Team Liquid mendominasi FlyQuest di LCS Lock In perempatfinal


Diposting oleh 2026-06-21



Foto oleh Yicun Liu untuk Riot Games

Team Liquid hari ini mengingatkan semua orang mengapa mereka harus menjadi perbincangan untuk tim League of Legends terbaik di Amerika Utara setelah mengalahkan FlyQuest 2-0 di perempat final turnamen Lock In LCS 2021.

Cloud9 dan TSM dapat dimengerti mencuri hampir setiap headline offseason terakhir ini dengan menandatangani Perkz dan SwordArt, masing-masing. Tapi Liquid merebut salah satu top laner terbaik di LEC dari Astralis/Origen di Alphari.

Dan jika wilayah tersebut tidak menghargai kekuatan permainannya, mereka pasti melakukannya sekarang.

< p>Liquid terkenal karena gaya permainannya yang lambat pada tahun 2020, tetapi Anda mungkin tidak mengetahuinya mengingat bagaimana mereka bermain musim ini—terutama melawan FlyQuest.
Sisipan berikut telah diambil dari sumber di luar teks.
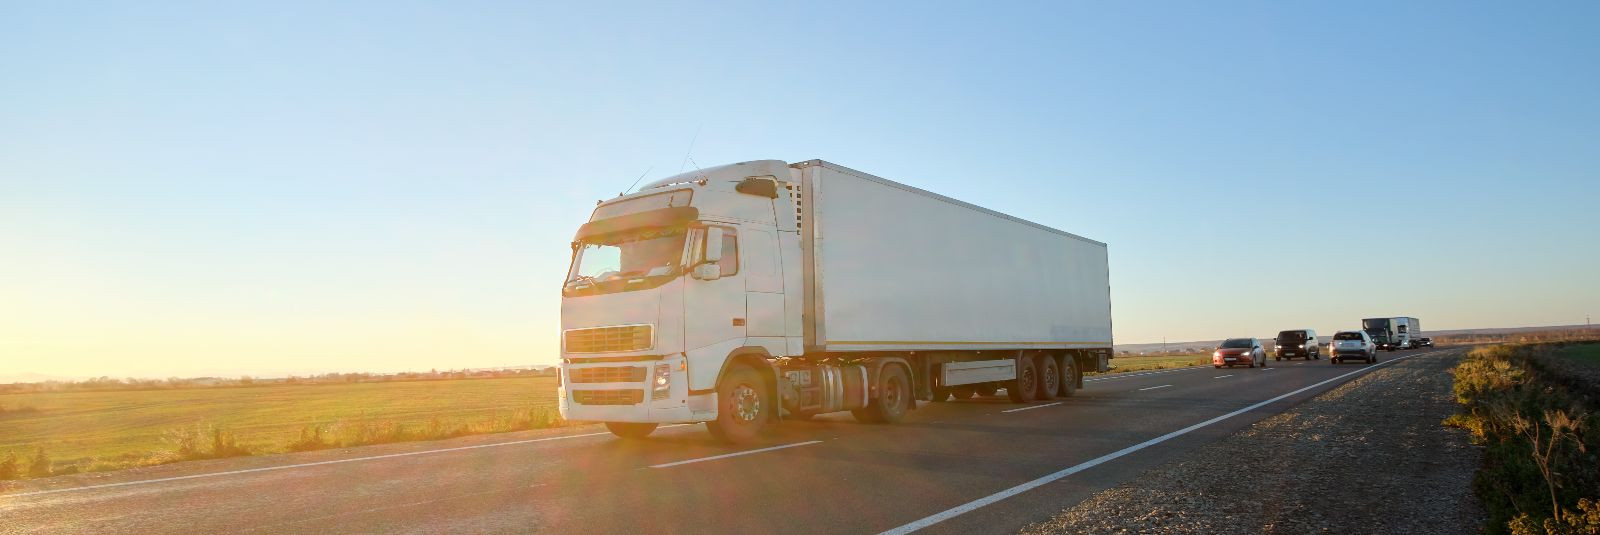 Maanteetransport on üks olulisemaid viise kaupade liigutamiseks ja logistikateenuste pakkumiseks. Selles valdkonnas on mitmeid veoteenuseid, mis vastavad erinev
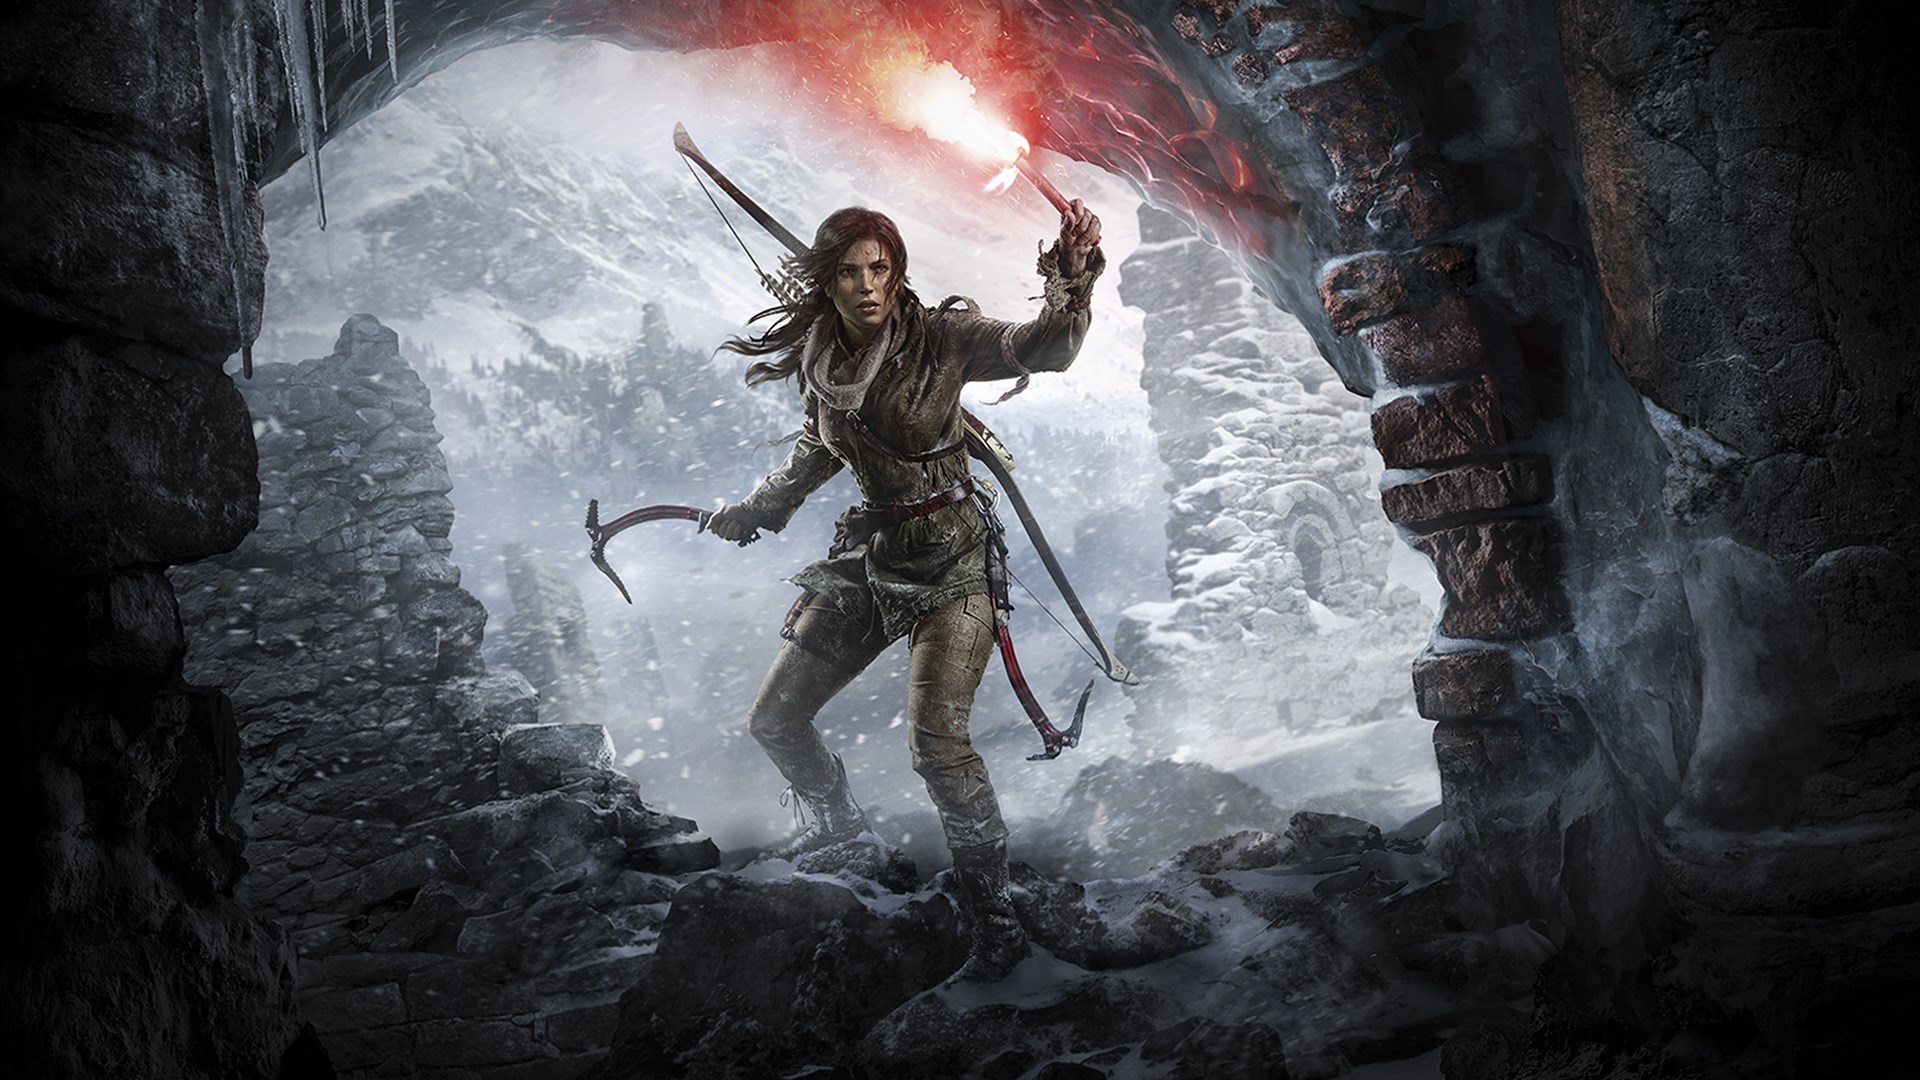 خرید بازی Rise of the Tomb Raider - قیام مهاجم مقبره ایکس باکس xbox با قیمت مناسب همراه نقد و بررسی

Dukungan CoreJJ selalu menjadi penjelajah, dan antara dia dan jungler Santorin, Liquid telah mengubah diri mereka menjadi tim yang membuat permainan di seluruh peta, tampaknya setiap saat, di belakang regu kematian dua orang ini.

Meskipun mantan top laner LiquidImpact telah dimainkan untuk Evil Geniuses, permainan Alphari di turnamen Lock In di carry telah memberi timnya dimensi lain, yang selanjutnya berkontribusi pada permainan awal yang menentukan dan mematikan.

Laner top FlyQuest Licorice adalah salah satu yang terbaik dalam posisinya di LCS. Dan Alphari mengizinkannya untuk melihat bagian itu selama sekitar sembilan menit di game satu. Licorice telah membangun keunggulan 25-CS dan membuat lawannya terkunci di bawah menara untuk seluruh permainan. Namun, setelah dia dan jungler Brandon Joel “Josedeodo” Villegas dihukum karena overstay sejak awal, Alphari membuka kunci pada Kennen dan menutup Licorice dari permainan sepenuhnya.

.@TeamLiquidLoL dengan awal yang baik untuk seri ini vs FlyQuest. #LCS pic.twitter.com/nNLMQpSQYY

— Dot Esports (@DotEsports) 24 Januari 2021

Liquid memang memiliki peregangan yang sangat ceroboh di game satu setelah mengumpulkan keunggulan 8.000 emas pada menit 18, yang FlyQuest , untuk kredit mereka, bermain tegas dan kohesif melalui dan hampir menyatukan apa yang akan terjadimenjadi comeback terbesar tahun ini.

Game kedua jauh lebih dekat, dan dengan sedikit kontrol kerumunan yang sulit untuk melawan Samira dari Tactical, itulah yang dimainkan Liquid dalam perjalanan ke yang jauh lebih bersih, jika sedikit kurang dominan, kemenangan.

.@TeamLiquidLoL melaju ke semifinal turnamen #LCS Lock In setelah mengalahkan FlyQuest 2-0. pic.twitter.com/CUilsDYOlJ

— Dot Esports (@DotEsports) 25 Januari 2021

Untuk FlyQuest, penandatanganan utama Josedeodo melanjutkan performa bagus meskipun kalah. Udyr-nya di game satu hanya dibatasi oleh sang juara itu sendiri, bukan oleh pemain di belakangnya.

Rookie mid laner Cristian “Palafox” Palafox juga memiliki seri yang bagus, tetap di farm dengan Jensen dan mencegah dia dari roaming sebanyak yang dia suka di Orianna di game dua. Jalur bawah mereka dari Johnson “Johnsun” Nguyen dan David “Diamond” Bérubé memiliki game kedua yang terlupakan tetapi bertahan dan bahkan menjadi kondisi kemenangan utama tim di game pertamadengan Johnsun di Seraphine meskipun akan melawan jalur terbawah terbaik di wilayah ini.

Turnamen Lock In LCS 2021 bergeser ke best-of-five mulai akhir pekan depan dengan semifinal. Pada 29 Januari, 100 Pencuri menghadapi Cloud9 pada pukul 5 sore CT, dan Evil Geniuses memainkan Liquid pada hari berikutnya pada pukul 1 siang CT. Final akan berlangsung lusa pukul 1 siang CT untuk mengakhiri akhir pekan dan turnamen.

Pastikan untuk mengikuti kami di YouTube untuk berita dan analisis esports lainnya.